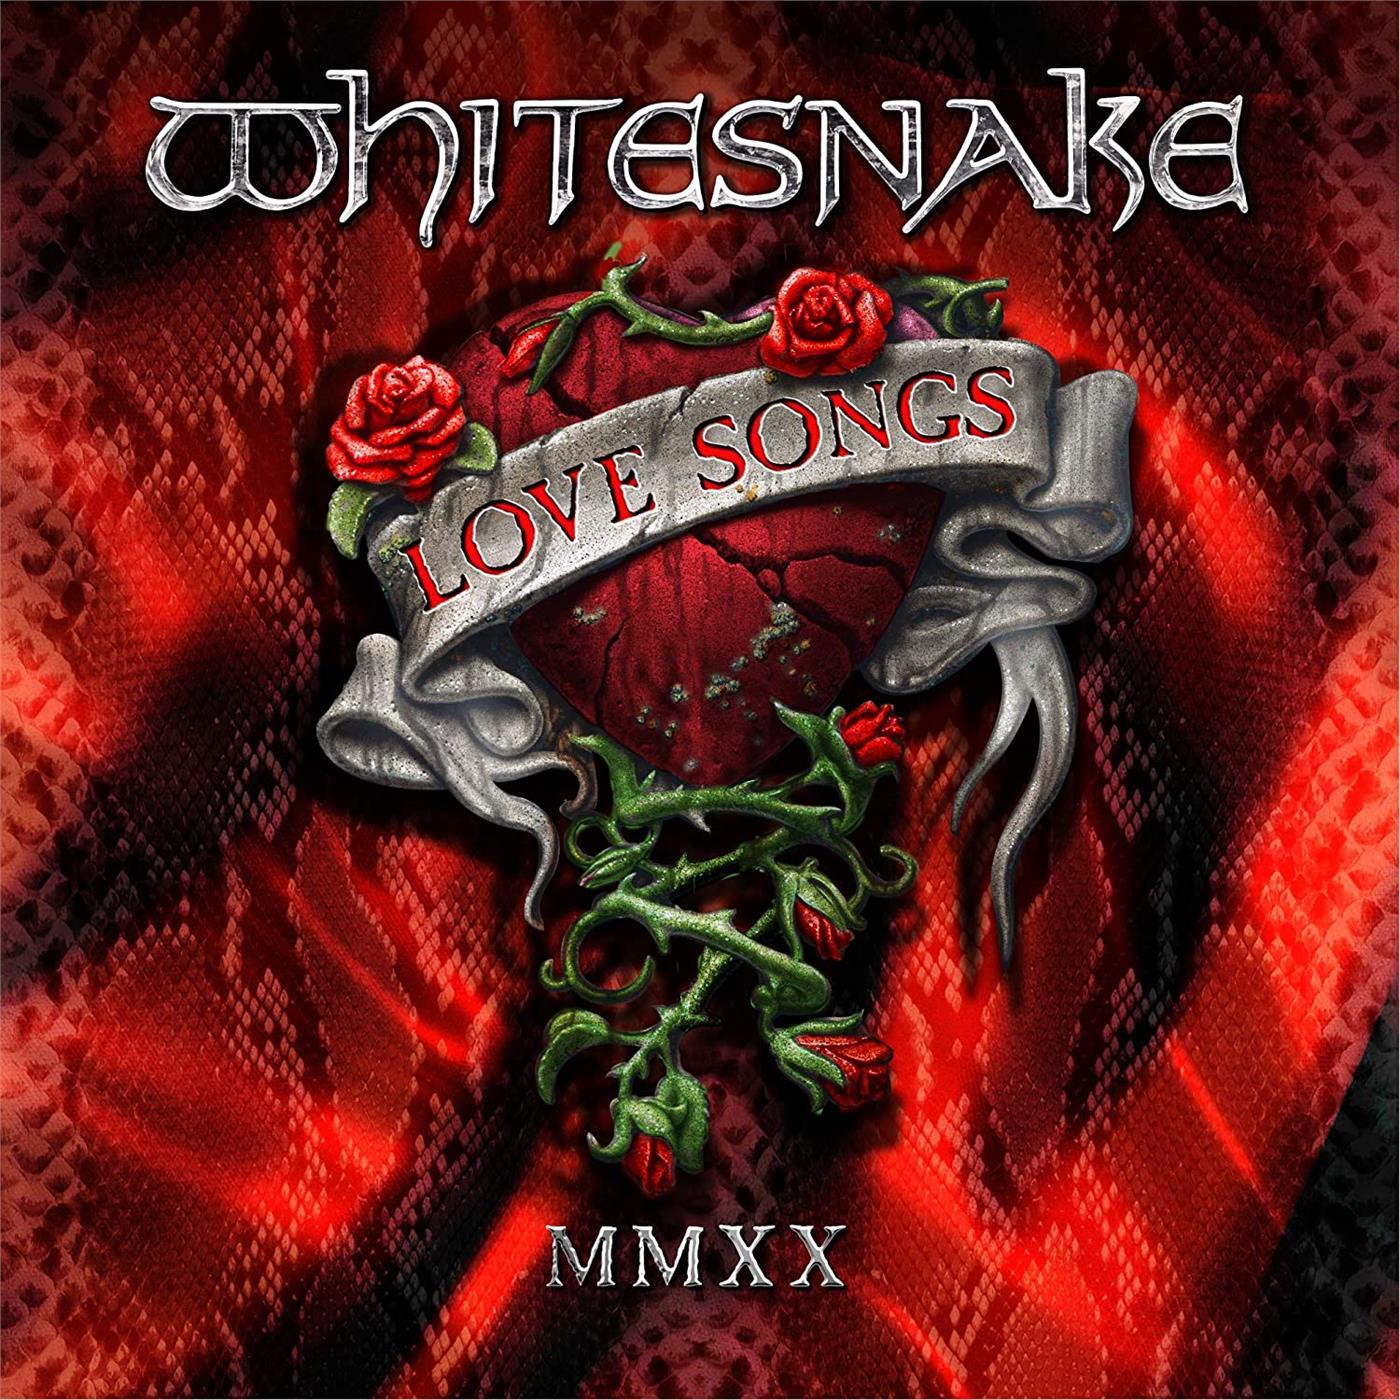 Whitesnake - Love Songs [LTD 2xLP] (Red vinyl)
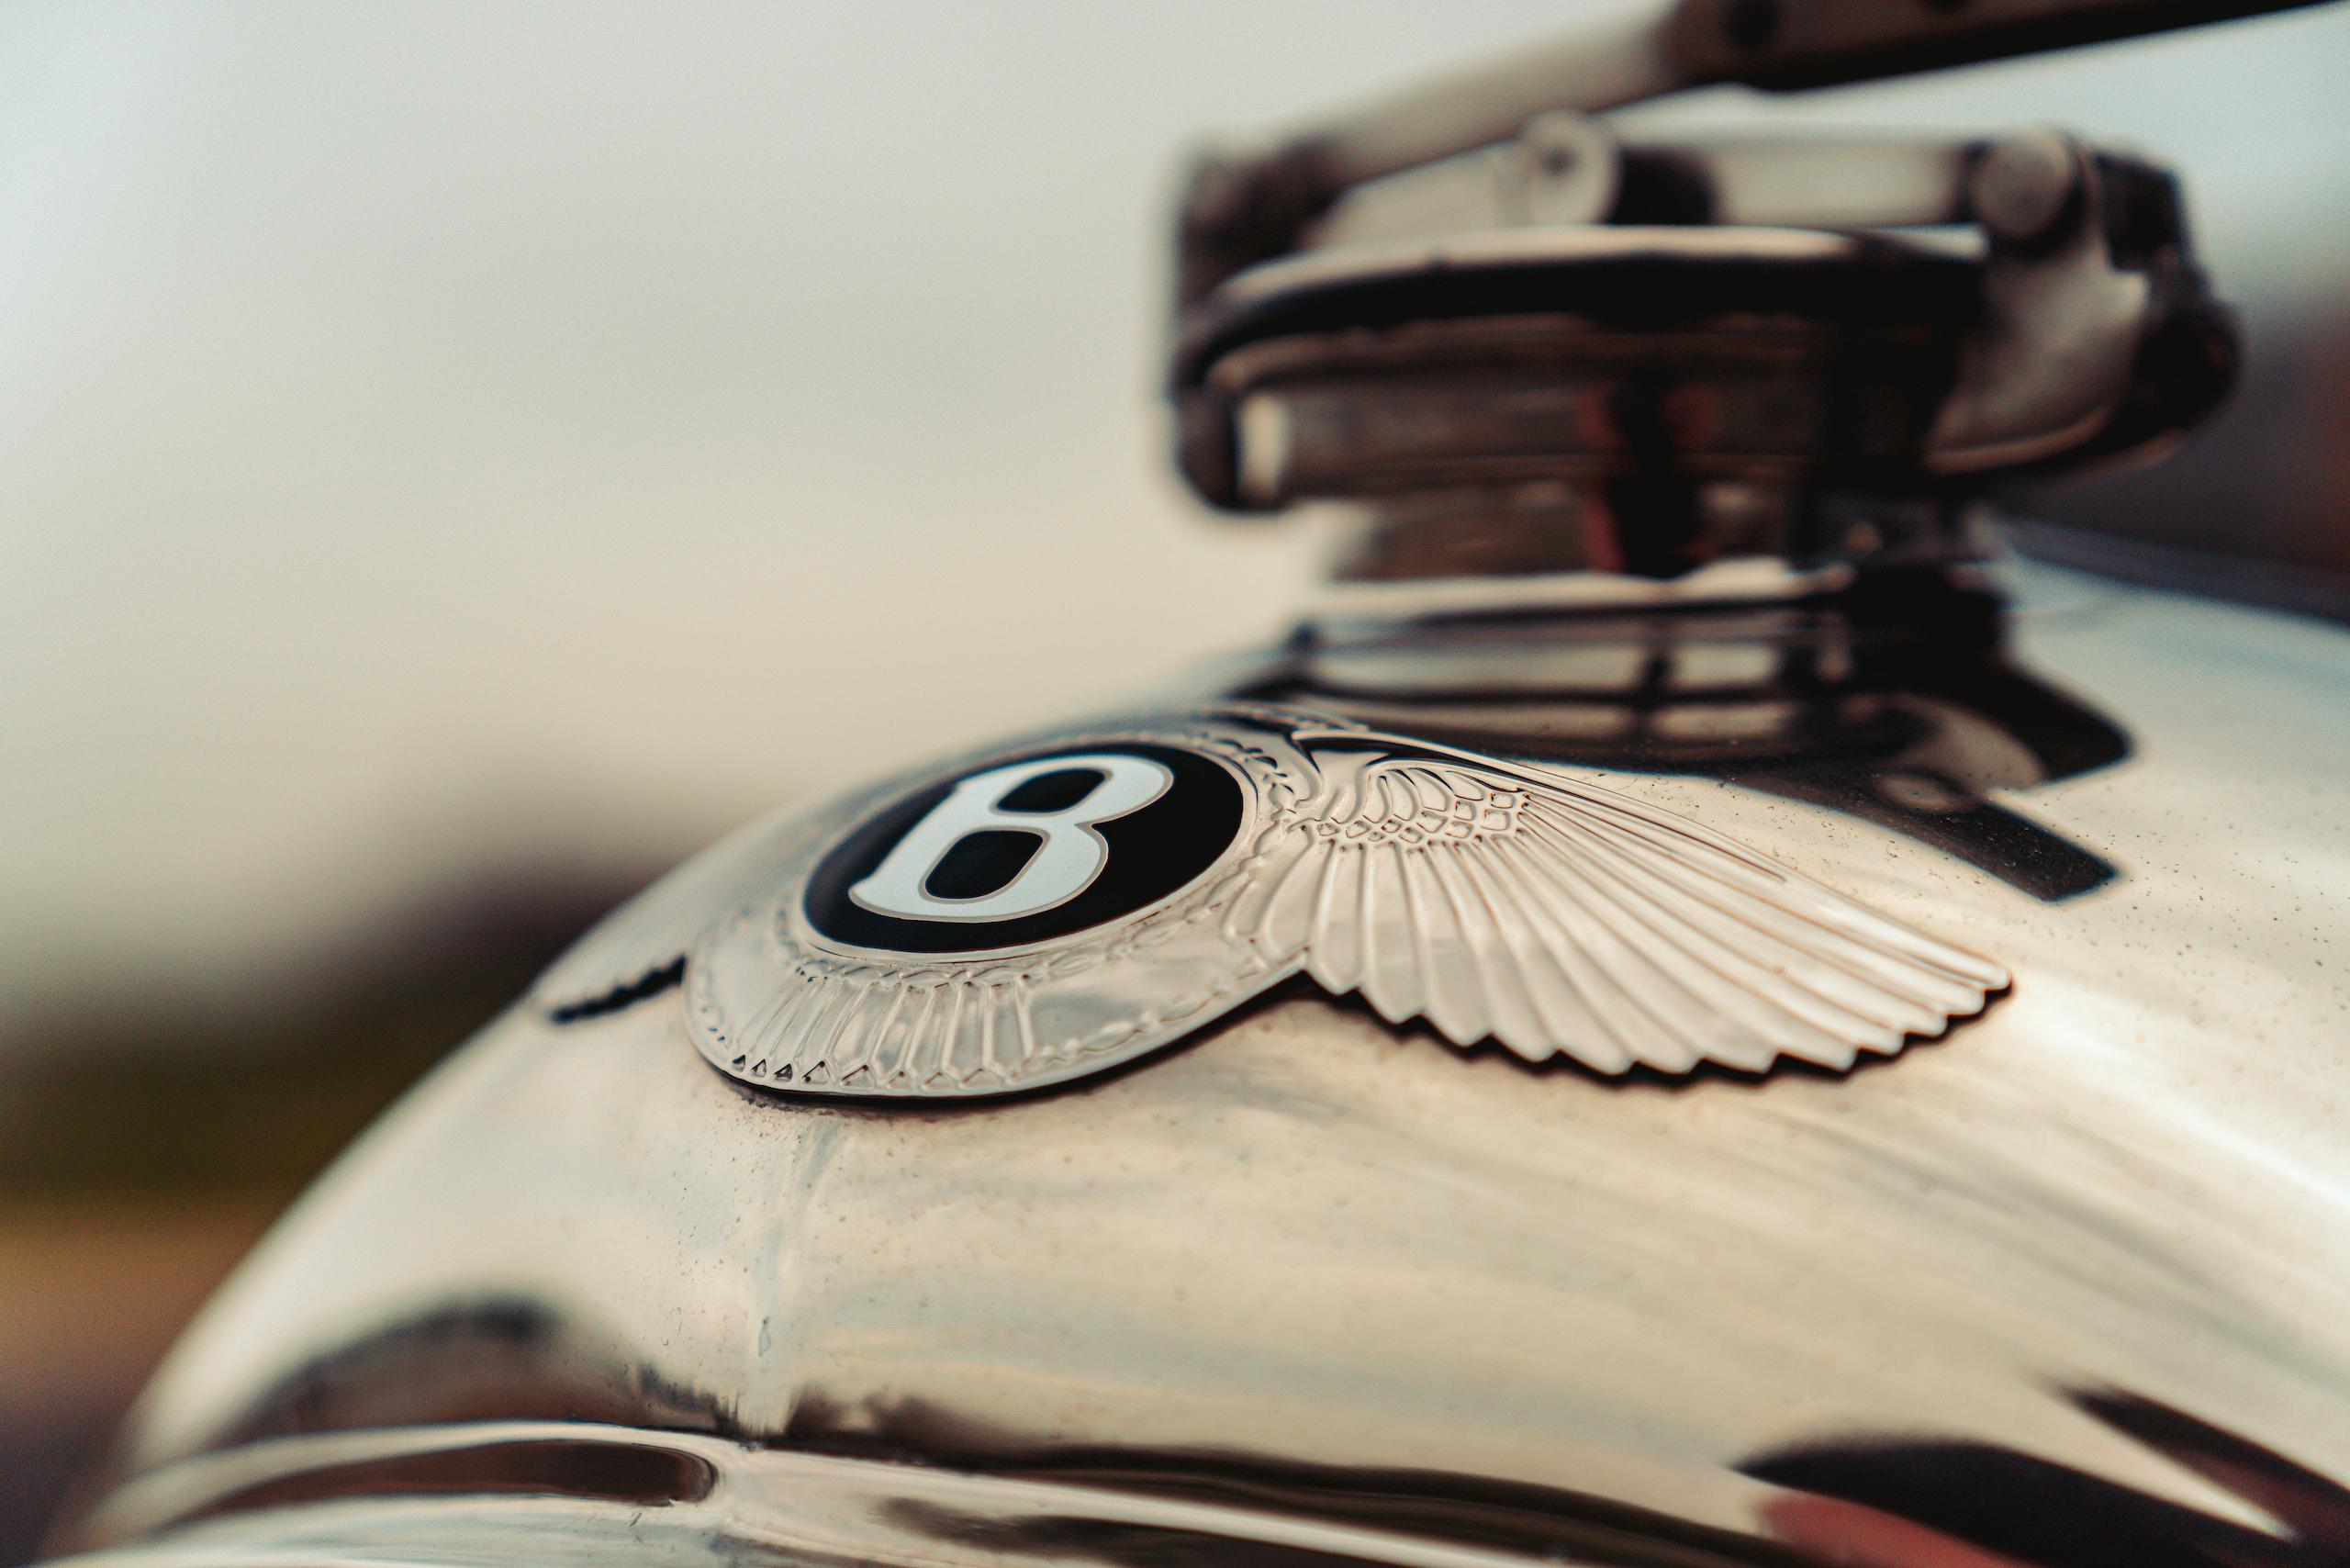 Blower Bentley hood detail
=-=-=-=-=
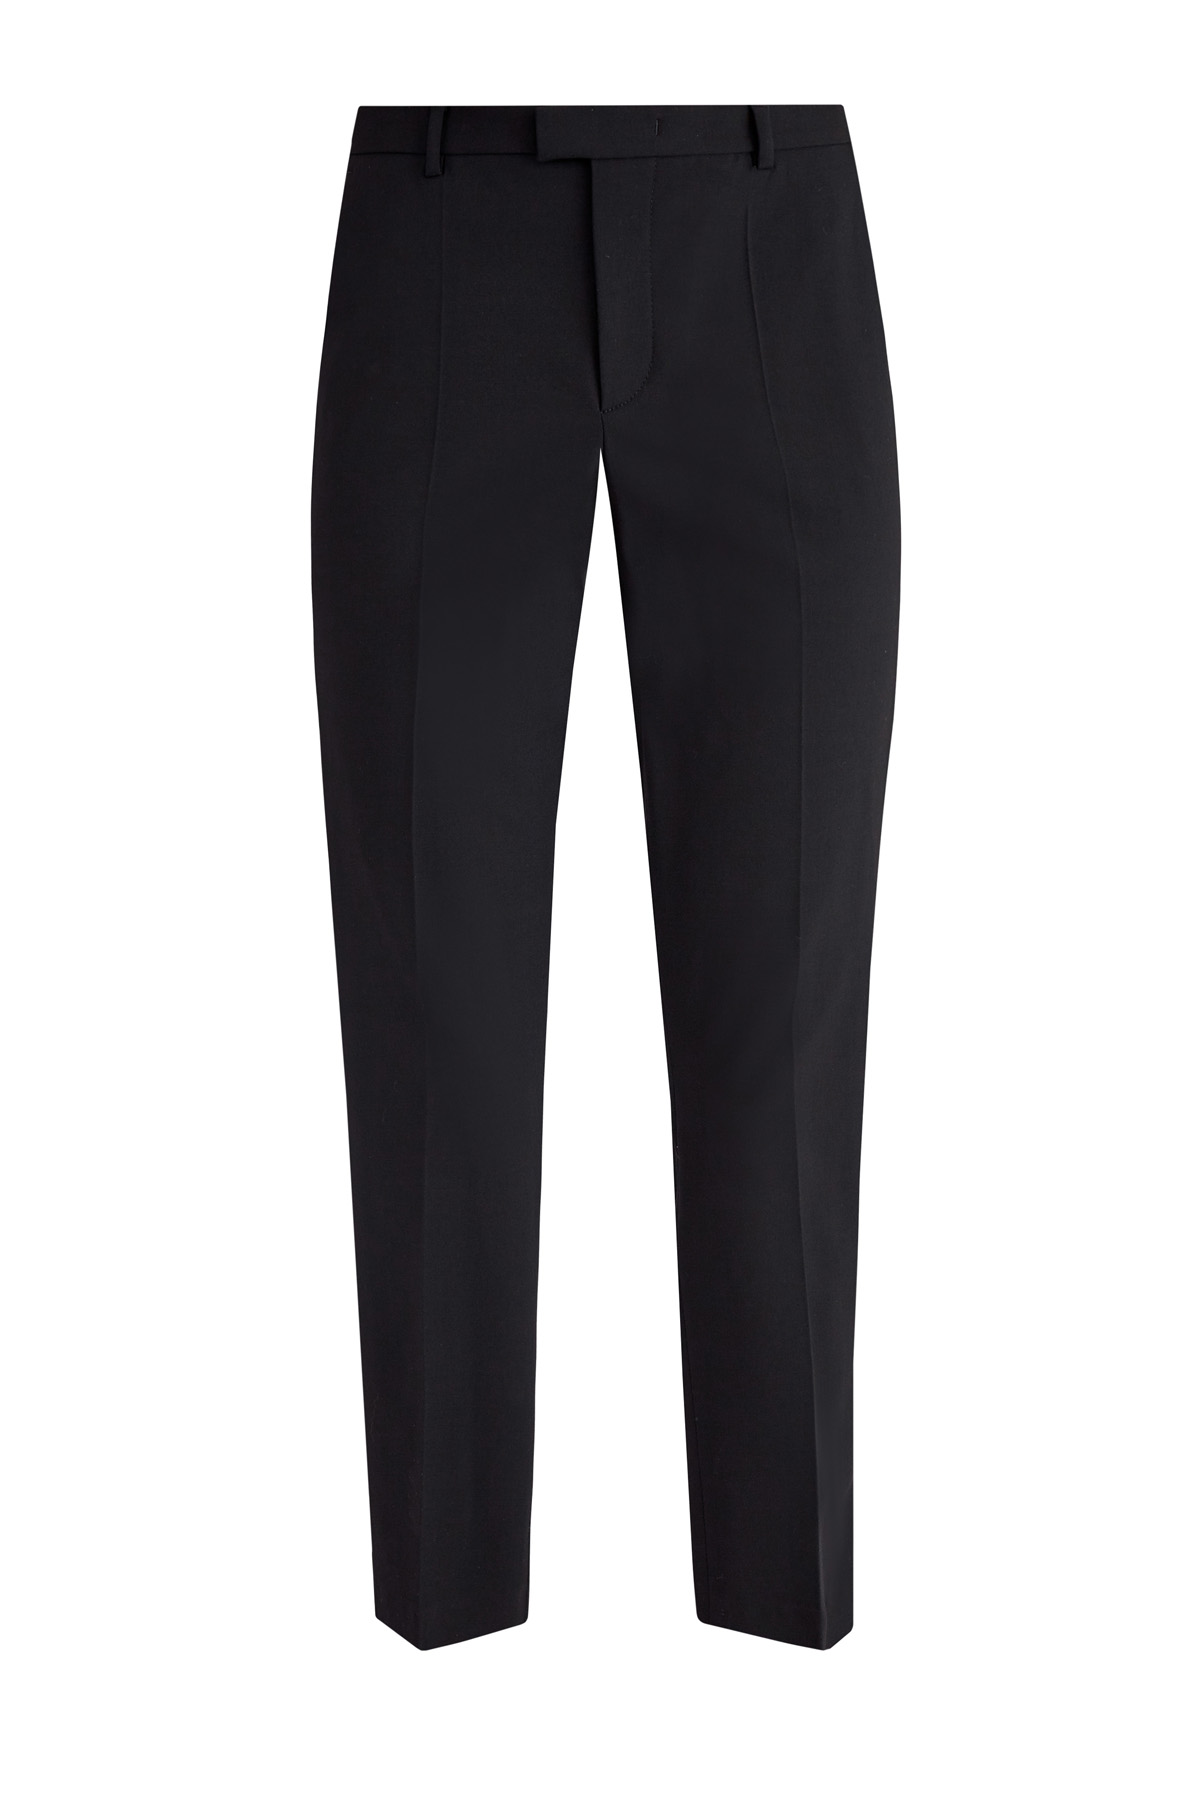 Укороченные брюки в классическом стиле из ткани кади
=-=-=-=-=
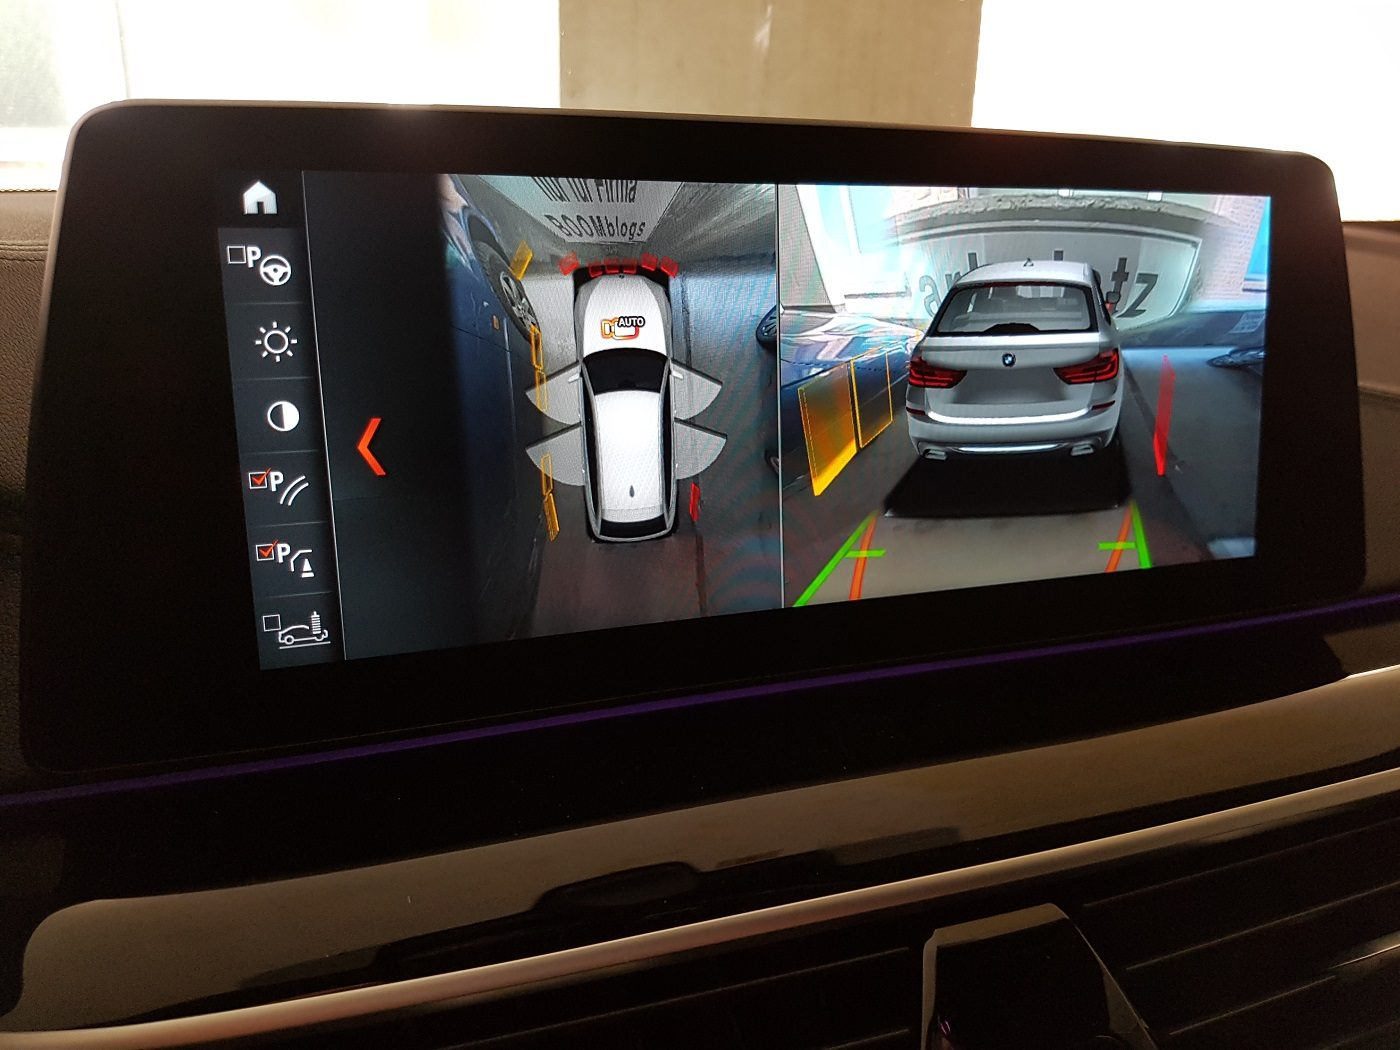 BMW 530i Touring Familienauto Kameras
=-=-=-=-=
● TASK REQUIREMENTS
Return exactly the stretch above whose first line contains "Whitesnake - Love" and whose last line contains "Blower Bentley hood detail", and nothing outside it. The pictures should not appear.

● SOLUTION
 Whitesnake - Love Songs [LTD 2xLP] (Red vinyl)
 Blower Bentley hood detail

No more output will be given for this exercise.